Без пианино, гитары сможешь ли ты свободно отдаться музыке? Твоей
статуе необходимы уши и нос, вот тогда ты свободно ищешь улыбку. Запреты,
ограничения, правила шлифуют, оттачивают культуру, благодаря им так
утонченно изысканны ее плоды. За толстыми стенами моего замка душевная жизнь
богаче, чем у подонков на пустыре.
Добровольные и недобровольные обязательства -- вот отличие свободы от
принуждения, с любовью или без любви, но мы обязаны поклониться королю.

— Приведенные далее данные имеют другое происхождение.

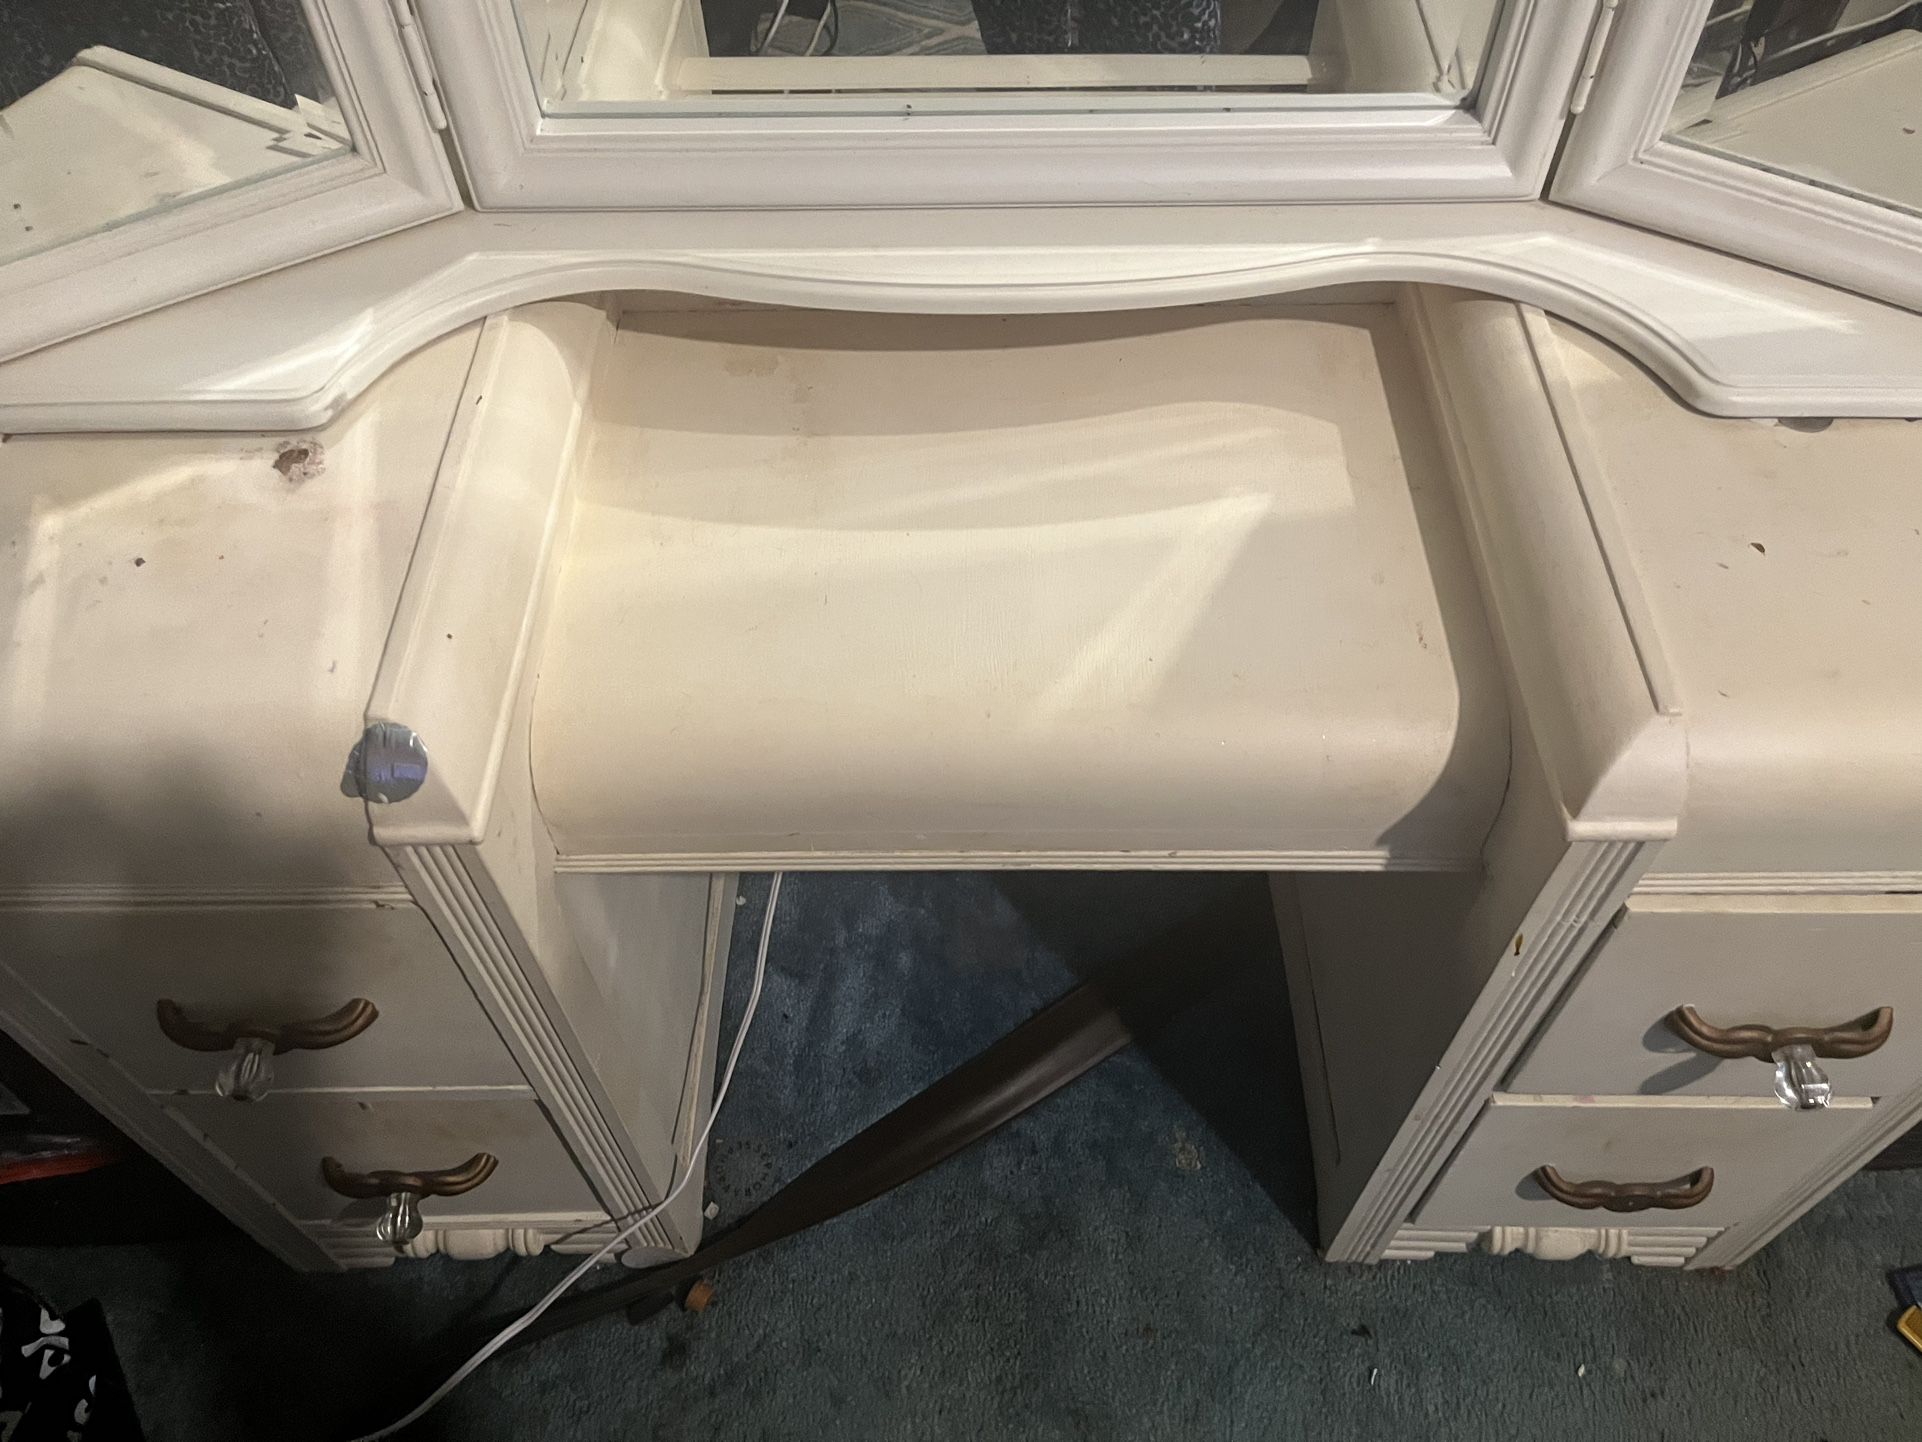 antoinetta vanity dresser with mirror white

Желающий подняться повыше или собрать духовное сокровище согласен на
принуждения. Ты следуешь обряду, он стеснил тебя и устремил вверх. Глядя со
стороны, как самозабвенно играют другие дети, огорченный ребенок требует,
чтобы и его научили правилам игры, он тоже хочет играть, а значит, жить.
Грустно тому, кого не зовет в храм вечерний благовест. Поет рожок, но не для
тебя побудка, а твой счастливый приятель кричит: "Слышишь, меня зовут!"

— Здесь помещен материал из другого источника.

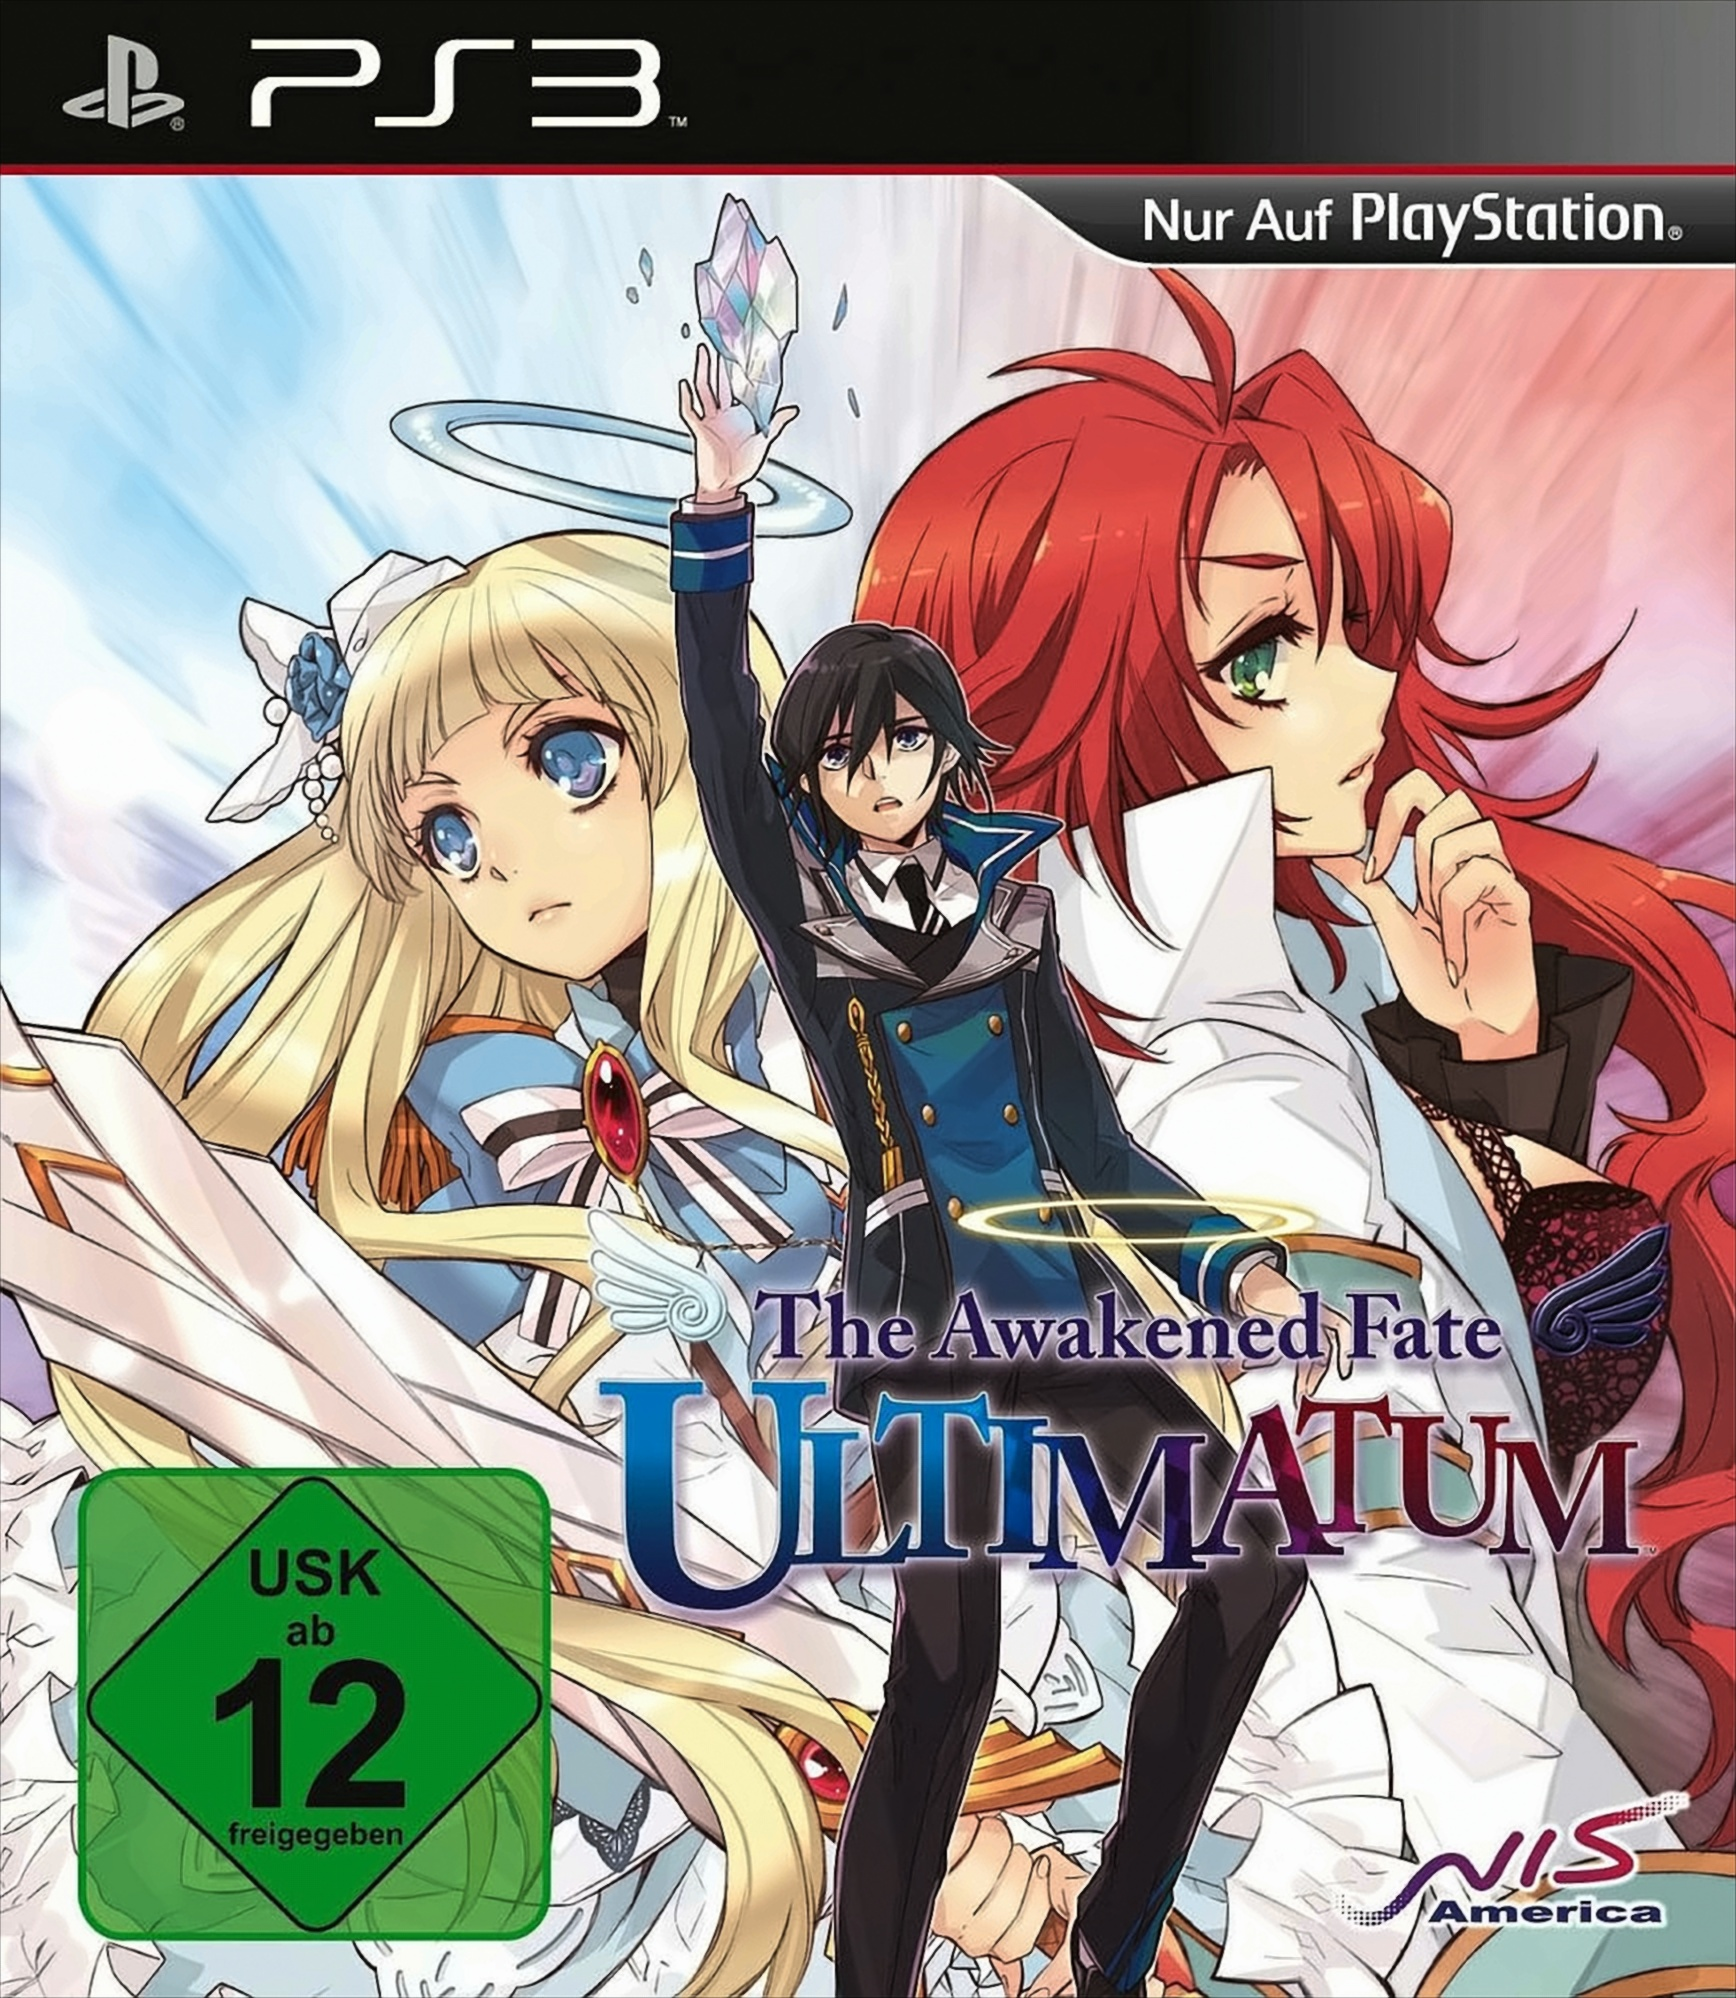 The Awakened Fate Ultimatum 3] [PlayStation

Глухое раздражение и скука -- спутники тех, для кого нет ни благовеста, ни
пения рожка. Они свободны, они вне жизни.
LXXXIV
Не стоит смешивать слова разных языков, хотя, верю, тебе так недостает
прилагательного, чтобы передать яркую зелень ячменного поля, а у твоего
соседа оно есть. Но слово только знак. "Жена у меня красивая", -- сказал ты,
но разве кто-то понял, как ты любишь ее? "Мой друг так скромен", -- сказал
я, но разве кто-то узнал, как я к нему привязан? Мы не передали и малой
толики того, что живит нас. Мы определили, как определили бы неодушевленный
предмет.
Есть на свете народы, которые как качественное ценят иные, чем мы,
качества, которые ищут имя совсем иной картине, что увиделась им сквозь
общую для нас всех вещность мира. И они нашли имя своей кар
тине. Можно найти особое слово и для беспричинной тоски, что щемит
вдруг сердце на пороге дома, когда садится солнце, меркнет свет и впереди
лишь потемки с тусклой луной, тоска эта сродни страху перед смертью: как
быстро сонное детское дыхание становится прерывистым дыханием болезни,
похожим на последние усилия усталости, карабкающейся в гору, слыша его, тебе
становится так же страшно: а что, если твой малыш не захочет карабкаться
дальше? -- и тебе так хочется взять его за руку и помочь. И вот ты это свое
нажитое умещаешь в одно слово, им начинают пользоваться, и оно становится
родовым наследием твоего народа.
Но передал ты всем нам уже известное. Мой язык не стремится передать
цветущую полноту качества, в нем нет слова, обозначающего "розовый цветок",
зато он умеет сплетать слова и ловить тебя их сетью. Слова моего языка не
представят воочию женского лица, но красоту его ты угадаешь по тому, как у
тебя вдруг захолонет сердце, будто от глотка ледяной воды в зной.
Так дорожи возможностями, которыми одарила тебя душа твоего народа,
дорожи умением сплетать слова, как плетут ивовые корзины и рыболовные сети.